Content of PetroWiki is intended for personal use only and to supplement, not replace, engineering judgment. SPE disclaims any and all liability for your use of such content. More information

# Biological processes for wastewater treatment

Biological treatment of wastewater collected from residences, industries, commercial sectors, and agriculture is required to protect water quality through the removal of dissolved biodegradable organics, suspended organic and inorganic solids, nitrogen, and phosphorous as well as toxic substances like heavy metals and chemicals. There are 4 treatment levels of wastewater including pre-treatment, primary treatment, secondary, advanced and sludge treatment.

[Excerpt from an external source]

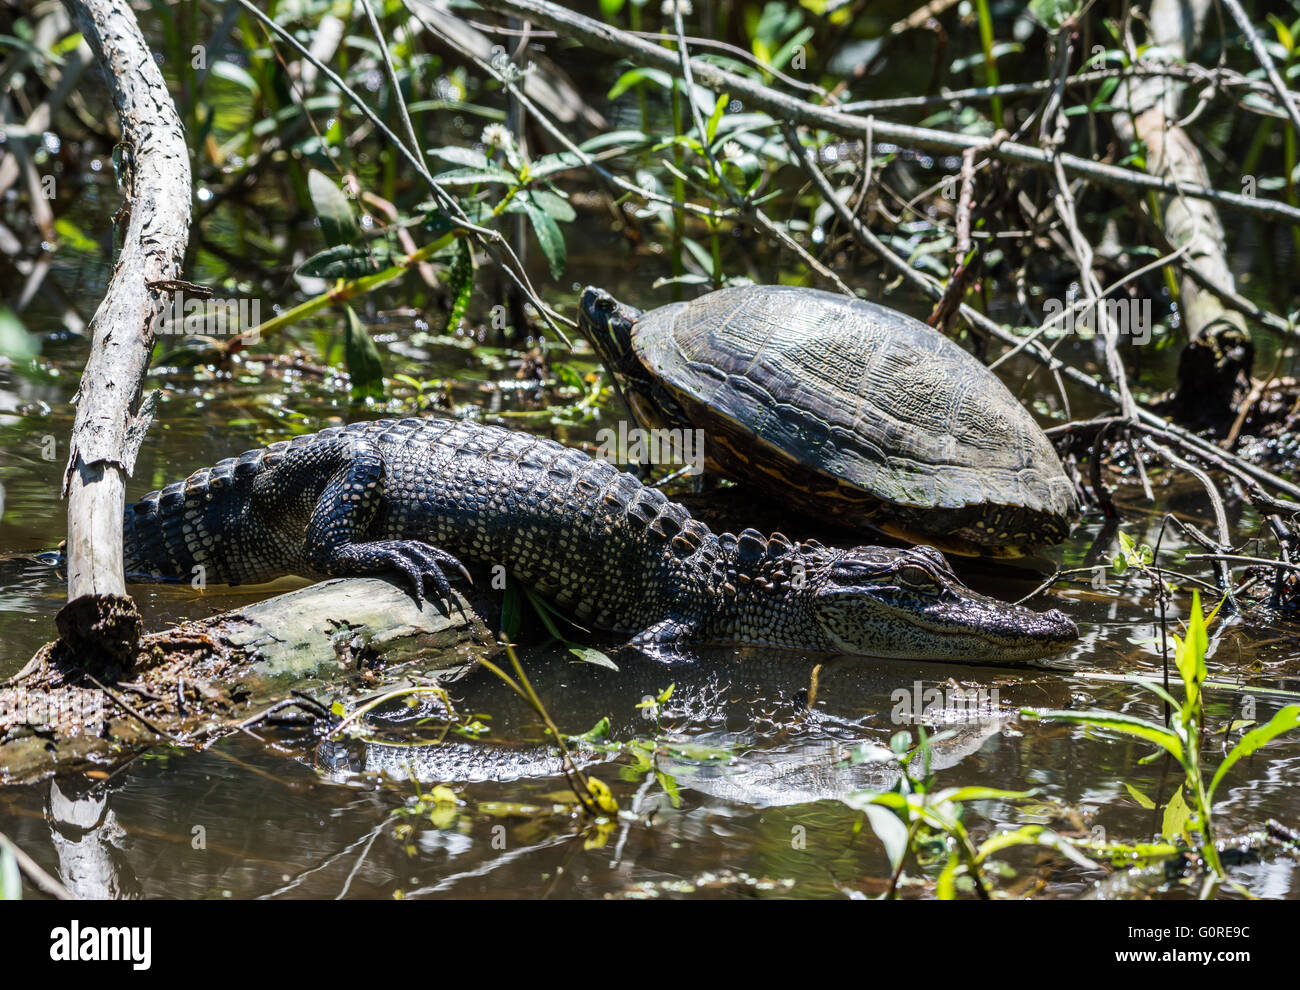 Una coppia di amici del rettile, una tartaruga e un alligatore, a prendere il sole accanto all'altra. Alta Isola, Texas, Stati Uniti d'America. Foto Stock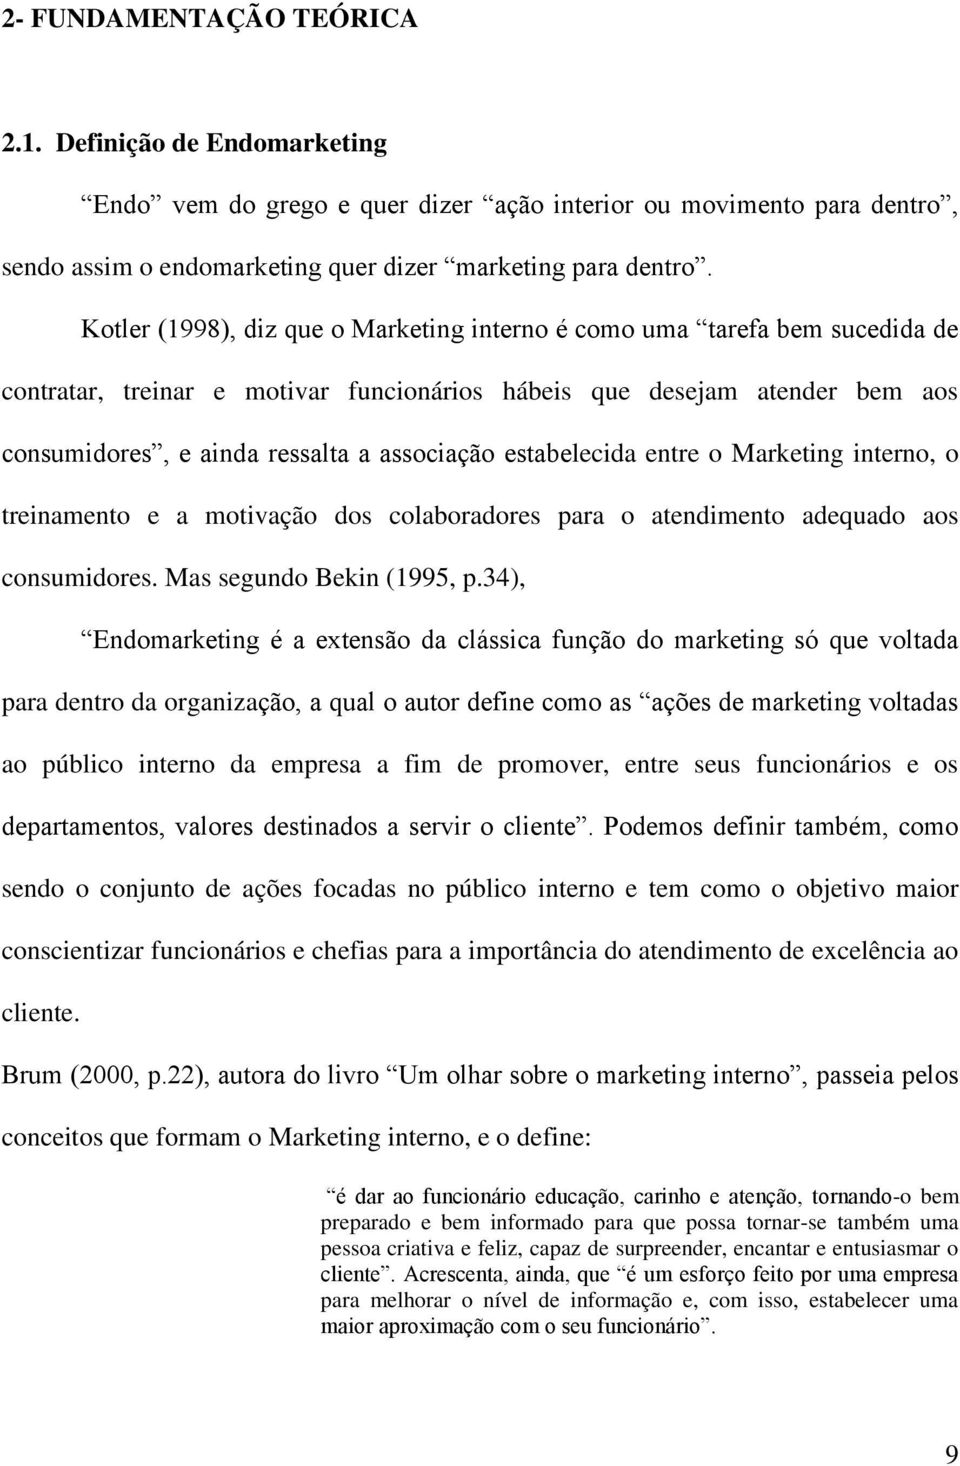 estabelecida entre o Marketing interno, o treinamento e a motivação dos colaboradores para o atendimento adequado aos consumidores. Mas segundo Bekin (1995, p.

Pretreatment is generally required for protecting wastewater treatment plants by removing debris, grit, FOG (Fats – Oil – Grease) and large objects. Course and fine bar screens are required for pretreatment. Primary treatment generally removes the settleable solids (that are not removed in preliminary treatment) and BOD. The secondary treatment process is divided into aerobic and anaerobic processes, and it removes BOD, COD, and partially removes nutrients, and pathogens. Advanced treatment is used after the conventional secondary treatment process and removes organics, inorganics (calcium, potassium, nitrate, phosphorous) and specific toxic components. The sludge treatment is required for volume reduction, safe disposal of sludge, and its thickening and digestion.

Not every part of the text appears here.